Running real-time animations

triggering program
- In the project directory, run the main script (assuming the main.py(The specific file name is based on the README):
```
python main.py --audio_path your_audio_file.wav
```
- Parameter Description:
  - --audio_path: Specifies the audio file path.
  - --output: Optional parameter to specify the path to save the generated animated video, the default may be displayed directly.
Real-time input testing
- If microphone input is supported, try real-time mode (need to check if README provides this feature). Example command:
```
python main.py --live
```
- The program listens for microphone input and generates animations in real time.

View Results

animation output: After running, the program displays an animation of the avatar on the screen or generates a video file (such as a output.mp4).
Adjustment parameters: If the animation is not satisfactory, you can refer to the documentation to adjust the model parameters, such as frame rate or mouth sensitivity (depending on the code implementation).

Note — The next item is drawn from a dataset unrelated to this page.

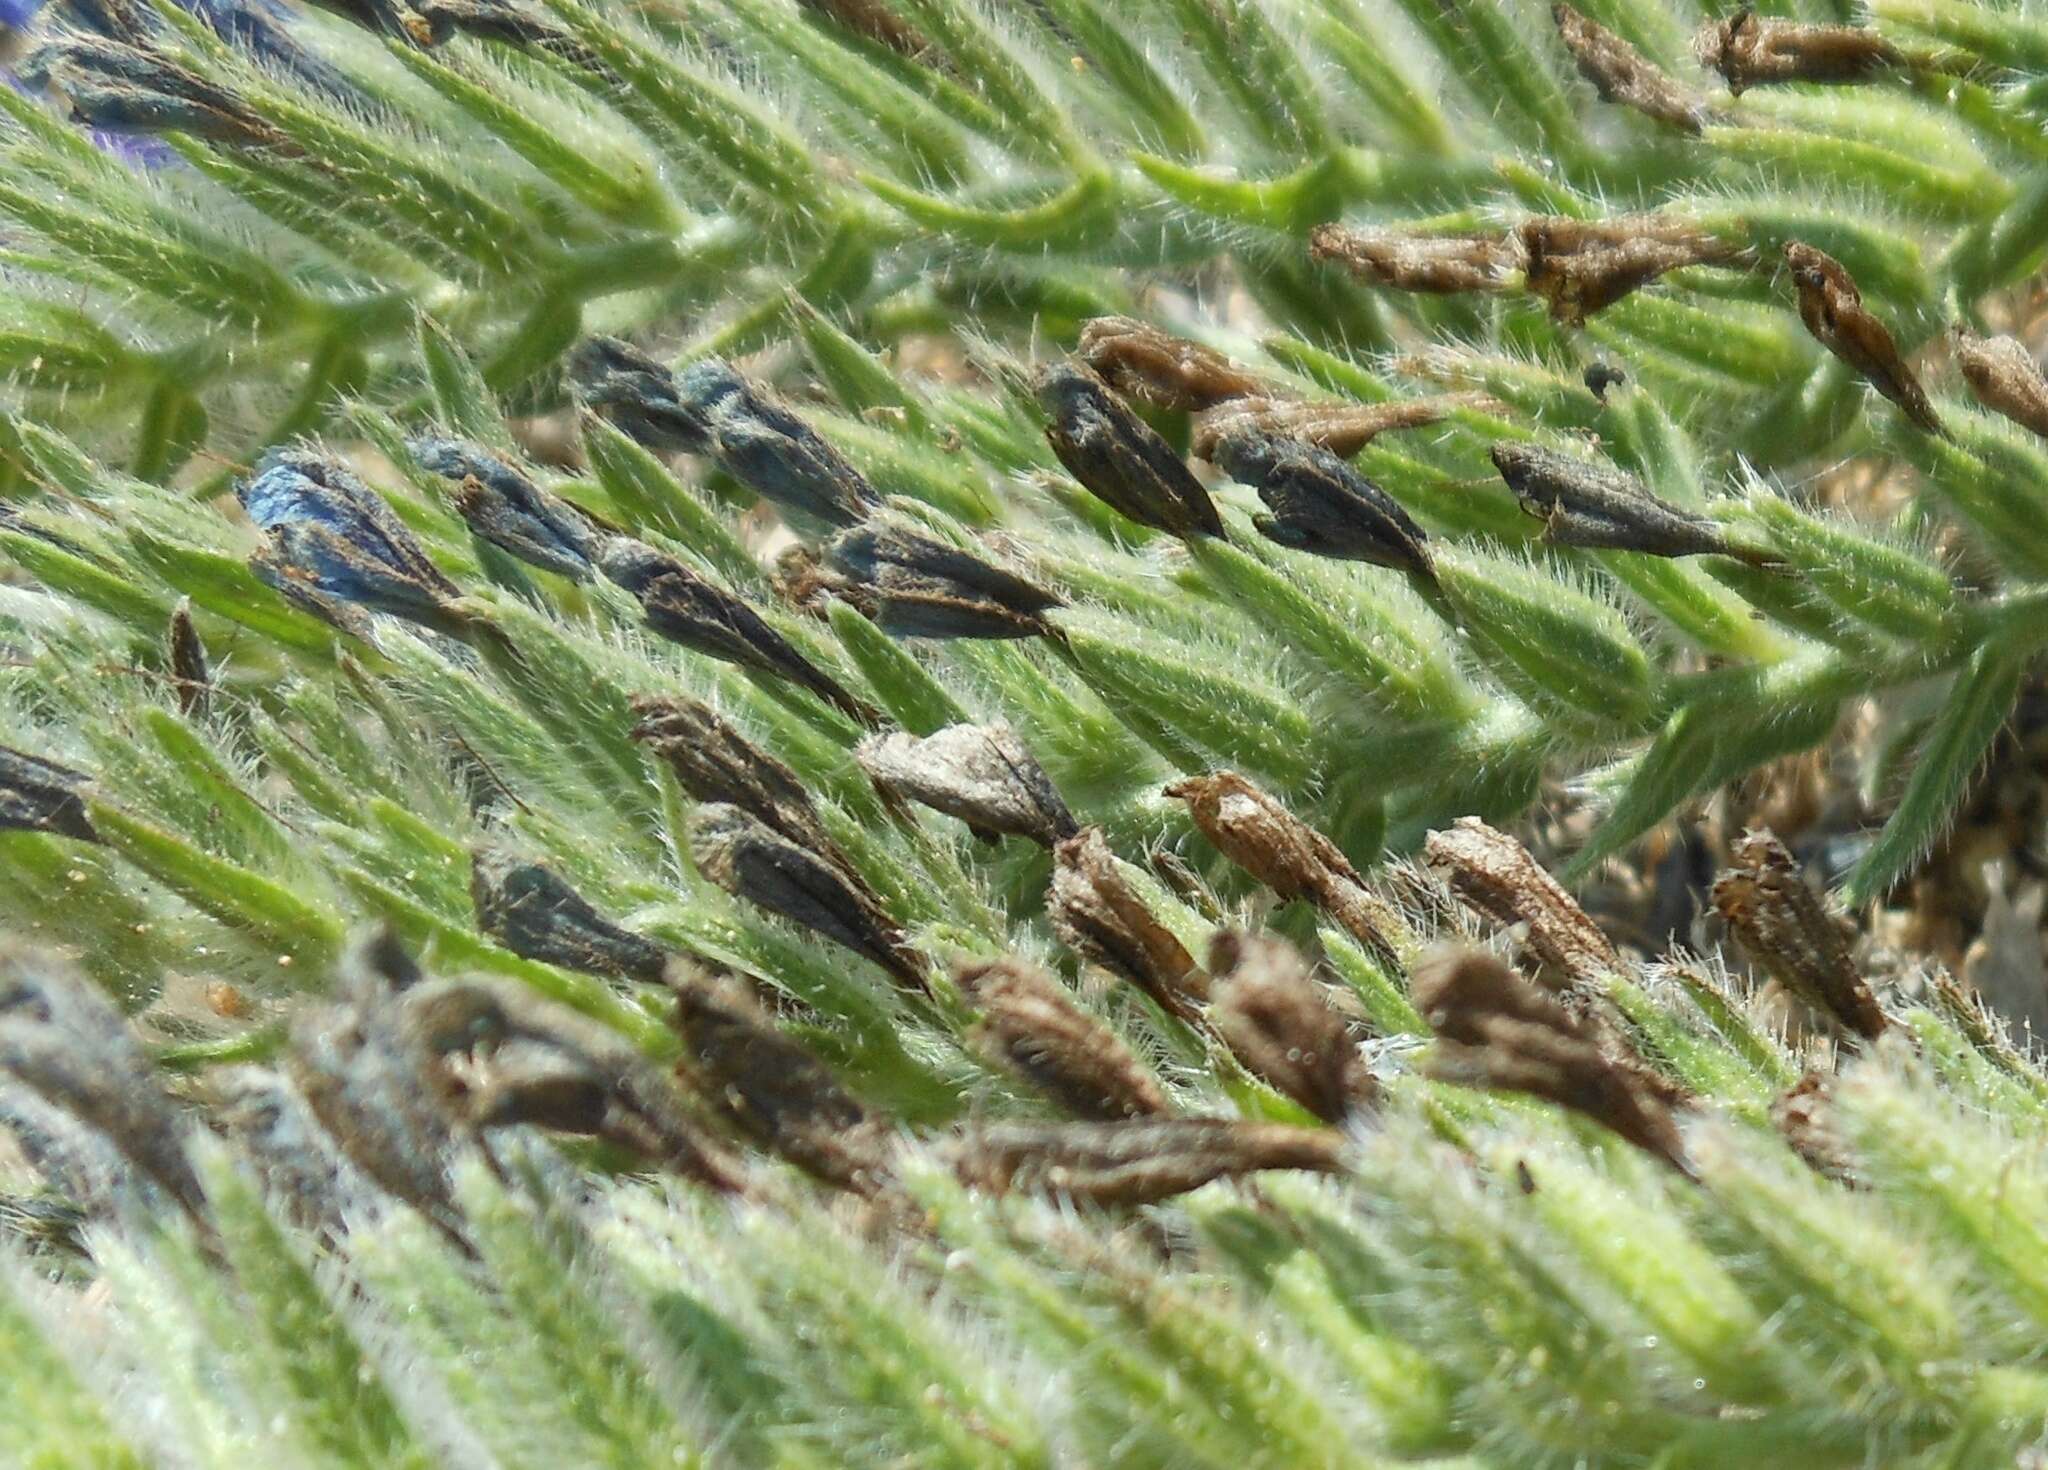 Image of Echium sabulicola subsp. sabulicola

Featured Function Operation

Audio Driven Animation Generation

move::
1. Prepare the audio file, e.g. test.wavThe
2. Run command:
```
python main.py --audio_path test.wav --output result.mp4
```
3. The program calls ModelScope's ASR model to extract audio features, and then generates the animation through the mouth prediction model.
effectThe mouth shape and expression of the avatar changes with the audio, for example, the mouth opens when saying "hello" and the rhythm is stronger when singing.

Mobile device deployment

prerequisites: Models need to be exported to a lightweight format (e.g. ONNX) and integrated on mobile.
manipulate::
1. Convert the model locally (specific scripts to be added to the project documentation, example assumptions are export.py):
```
python export.py --model lite_avatar_model.pth --output lite_avatar.onnx
```
2. commander-in-chief (military) .onnx The files are deployed to mobile and run using ONNX-enabled frameworks such as NCNN.
in the end: Low-power real-time animation on cell phones, suitable for video chat applications.

caveat

performance optimization: If you are running laggy, you can reduce the frame rate (e.g. from 30fps to 15fps) by modifying the configuration file or command line parameters.
adjust components during testing: If you get an error, check to see if the dependency versions match, or check the GitHub Issues page for community help.
scalability: If you want to add new features (e.g. emoji control), you can fork the project and modify the code, the HumanAIGC team welcomes contributors to submit Pull Requests.

With these steps, you can easily install and use LiteAvatar to experience the audio-driven avatar animation generation process. Whether for development testing or real-world applications, this tool provides an efficient and convenient solution.